[Opening SUPPLIED DATA section]

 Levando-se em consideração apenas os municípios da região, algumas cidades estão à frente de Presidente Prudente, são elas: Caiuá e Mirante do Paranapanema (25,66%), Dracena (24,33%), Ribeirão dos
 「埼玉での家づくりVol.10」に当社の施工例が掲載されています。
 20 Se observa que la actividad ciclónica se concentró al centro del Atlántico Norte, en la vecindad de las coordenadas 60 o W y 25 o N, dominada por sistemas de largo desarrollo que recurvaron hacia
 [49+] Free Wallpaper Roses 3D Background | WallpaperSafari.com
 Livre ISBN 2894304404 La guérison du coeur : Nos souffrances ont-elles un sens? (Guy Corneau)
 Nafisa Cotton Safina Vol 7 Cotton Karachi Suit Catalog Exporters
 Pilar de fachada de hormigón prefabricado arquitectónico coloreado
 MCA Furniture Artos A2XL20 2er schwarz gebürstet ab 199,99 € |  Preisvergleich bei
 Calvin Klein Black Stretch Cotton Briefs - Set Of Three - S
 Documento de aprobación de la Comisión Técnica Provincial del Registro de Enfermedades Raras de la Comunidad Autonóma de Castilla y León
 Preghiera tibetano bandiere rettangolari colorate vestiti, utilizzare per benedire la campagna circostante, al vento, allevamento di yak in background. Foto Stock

[Closing SUPPLIED DATA section]

▸ ABOUT THIS TASK
Write out each entry above exactly as it is written.

▸ RESULT
 Levando-se em consideração apenas os municípios da região, algumas cidades estão à frente de Presidente Prudente, são elas: Caiuá e Mirante do Paranapanema (25,66%), Dracena (24,33%), Ribeirão dos
 「埼玉での家づくりVol.10」に当社の施工例が掲載されています。
 20 Se observa que la actividad ciclónica se concentró al centro del Atlántico Norte, en la vecindad de las coordenadas 60 o W y 25 o N, dominada por sistemas de largo desarrollo que recurvaron hacia
 [49+] Free Wallpaper Roses 3D Background | WallpaperSafari.com
 Livre ISBN 2894304404 La guérison du coeur : Nos souffrances ont-elles un sens? (Guy Corneau)
 Nafisa Cotton Safina Vol 7 Cotton Karachi Suit Catalog Exporters
 Pilar de fachada de hormigón prefabricado arquitectónico coloreado
 MCA Furniture Artos A2XL20 2er schwarz gebürstet ab 199,99 € |  Preisvergleich bei
 Calvin Klein Black Stretch Cotton Briefs - Set Of Three - S
 Documento de aprobación de la Comisión Técnica Provincial del Registro de Enfermedades Raras de la Comunidad Autonóma de Castilla y León
 Preghiera tibetano bandiere rettangolari colorate vestiti, utilizzare per benedire la campagna circostante, al vento, allevamento di yak in background. Foto Stock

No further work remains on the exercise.